Уже начало темнеть, а Куинджи по–прежнему неподвижно стоял у раскисшего тракта. Он тоскливым взглядом провожал вереницу возов, словно на них лежали не соль и уголь, укрытые домоткаными ряднами, а тела чумаков, усопших на долгом бедняцком пути…

В начале декабря ударили небольшие морозы, выпал первый робкий снег. Утром Архип пошел в город. Краски, которые он принес из Феодосии, давно кончились, бумаги тоже не было. У него в потайном кармане лежали три рубля на самый крайний случай, и вот этот случай настал — к сердцу подступило такое желание рисовать, что он чуть ли не бежал по припорошенной тропинке, ведущей из Карасевки в Мариуполь.

У Харлампиевский церкви столкнулся с Чабаненко.

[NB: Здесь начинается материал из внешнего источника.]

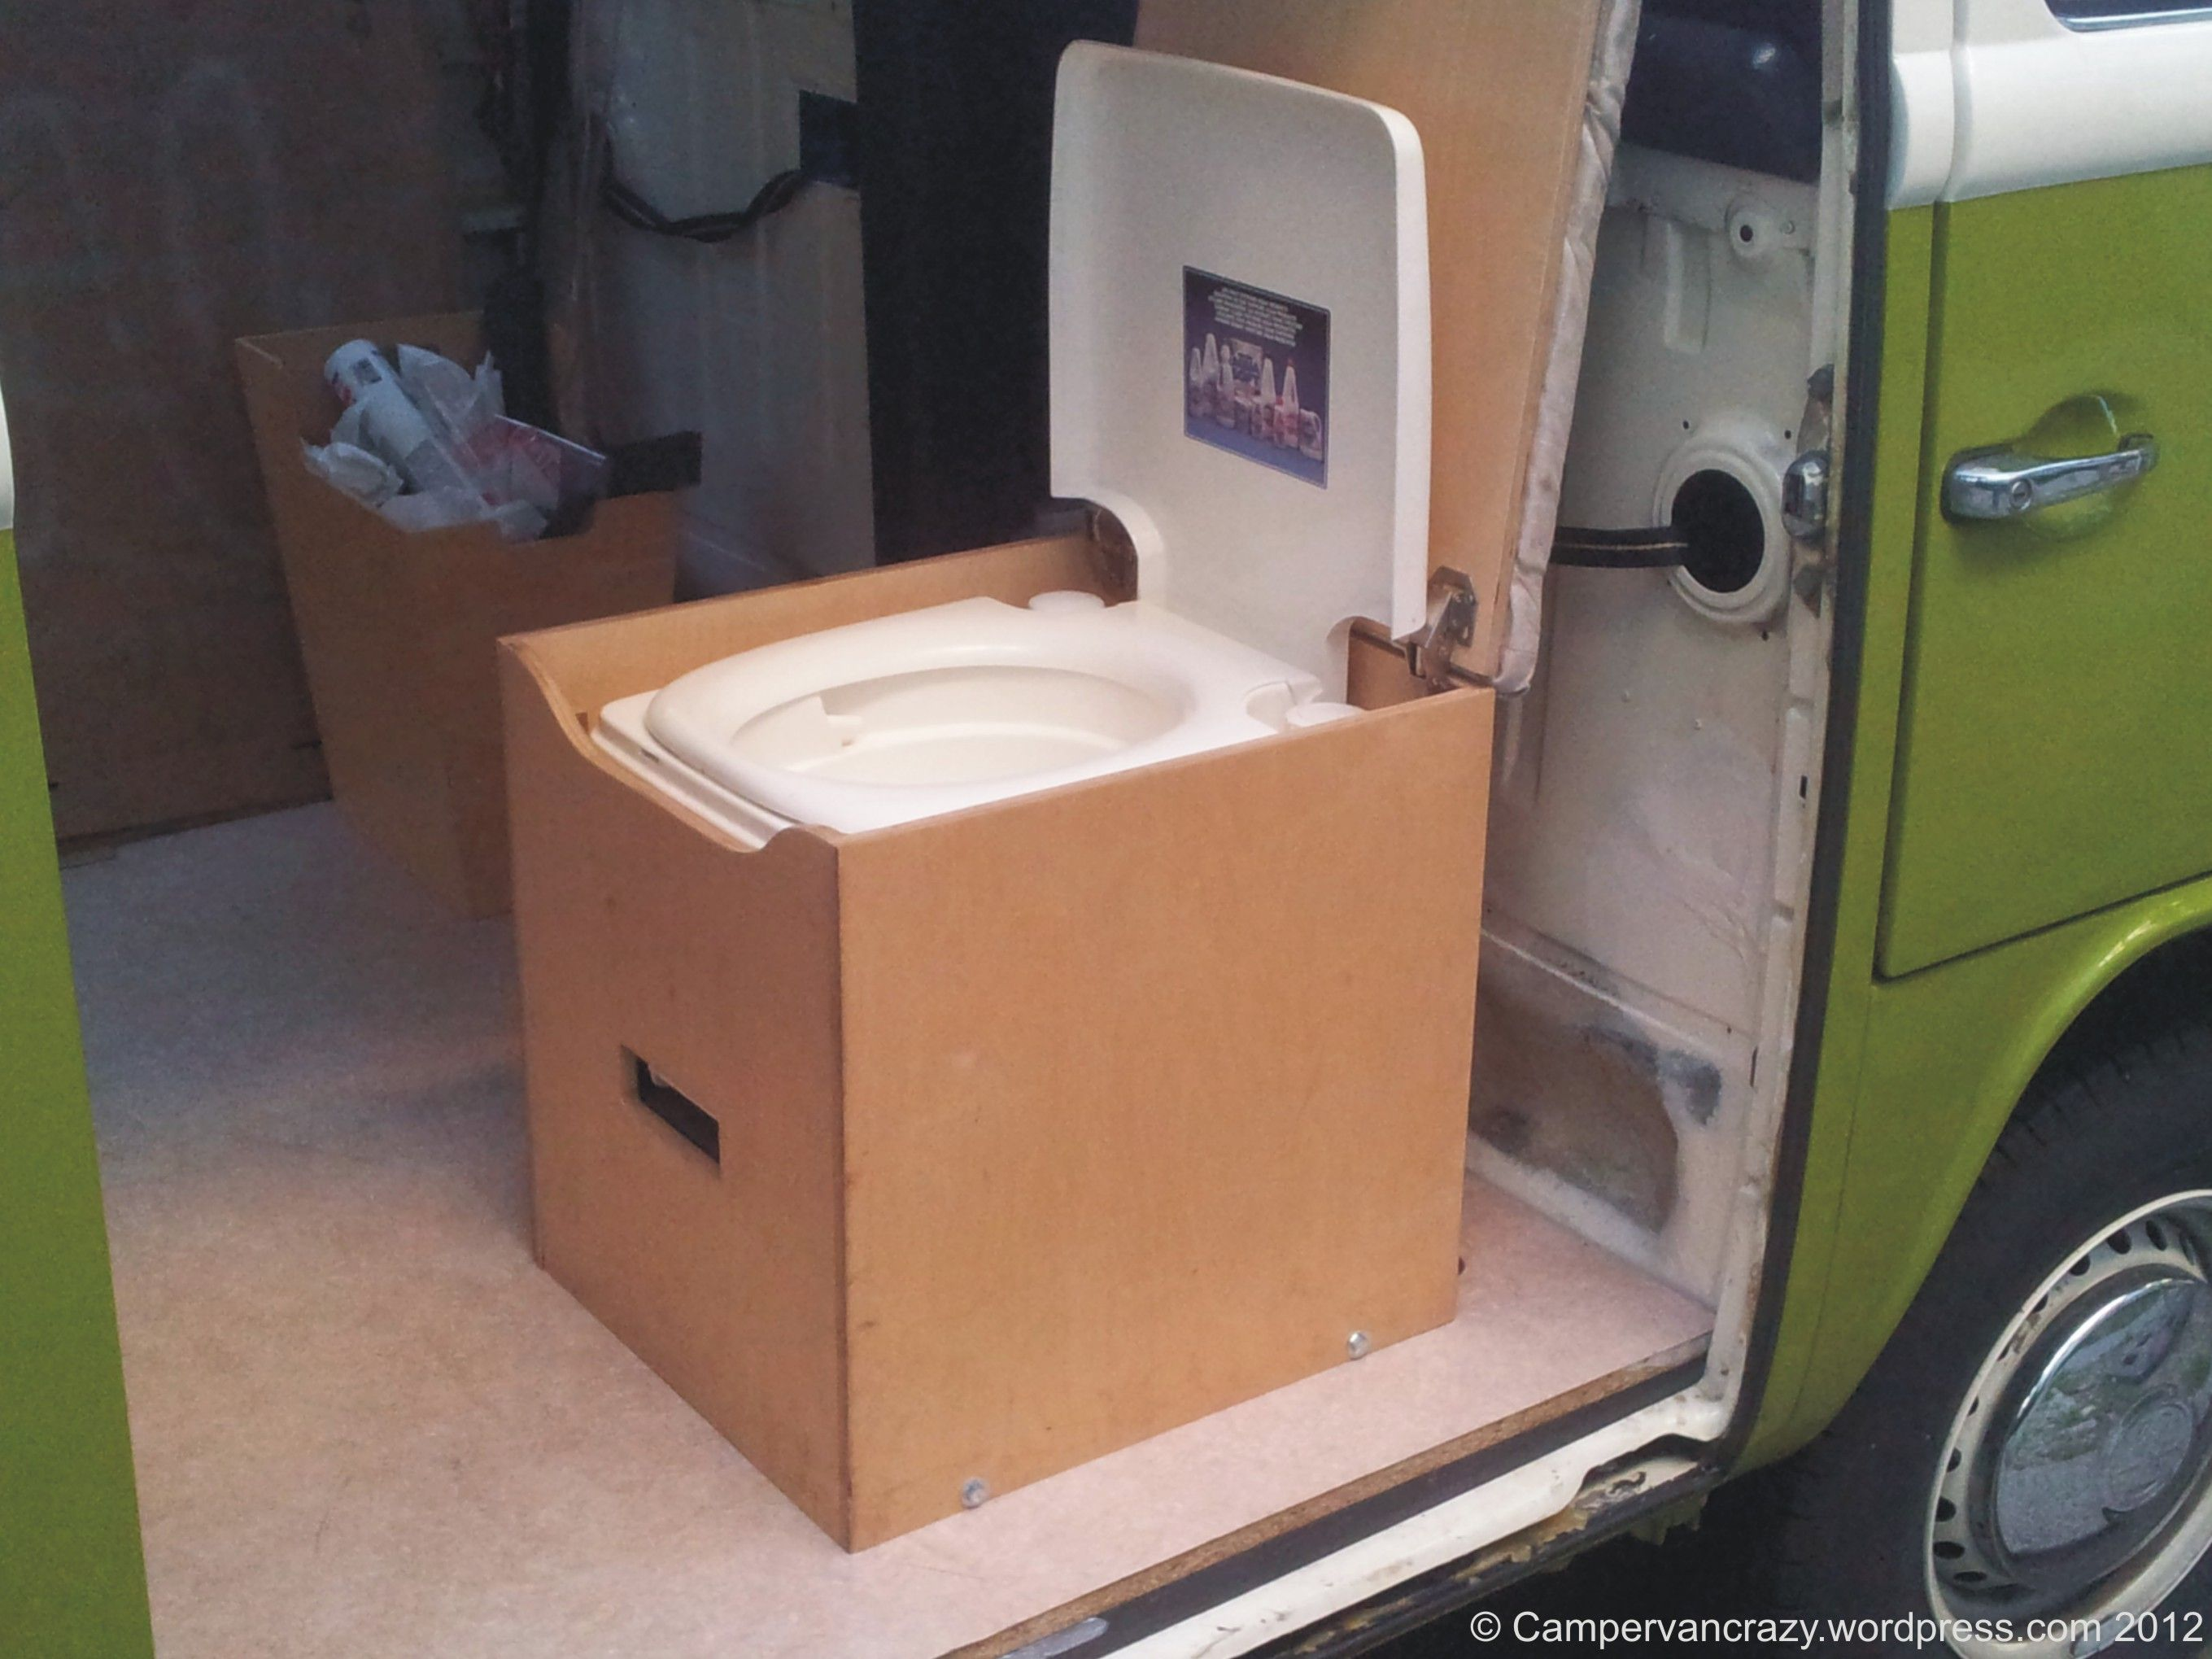 Related Image Camping Camping Toilet Camper Van Van

Своего бывшего хозяина парень узнал сразу — он был в неизменных хромовых сапогах, белой шубе и высокой папахе. Куинджи остановился, увидев Чабаненко, но тот проскочил мимо. Затем замедлил шаги, оглянулся и радостно воскликнул:

— Архип! Никак ты!

Подошел к нему, широко расставив руки и улыбаясь во весь рот.

— Здравствуйте, Сидор Никифорович, — неуверенно проговорил Куинджи.

— Ну, конечно, ты! Батюшки, как вымахал! — снова восторженно заговорил Чабаненко. — Сколько же мы не виделись? Да, времечко летит. Я вот седой совсем стал. А ты — молодец, настоящий жених.

— Эт‑то, с пустыми карманами, — прогудел враз насупившийся парень.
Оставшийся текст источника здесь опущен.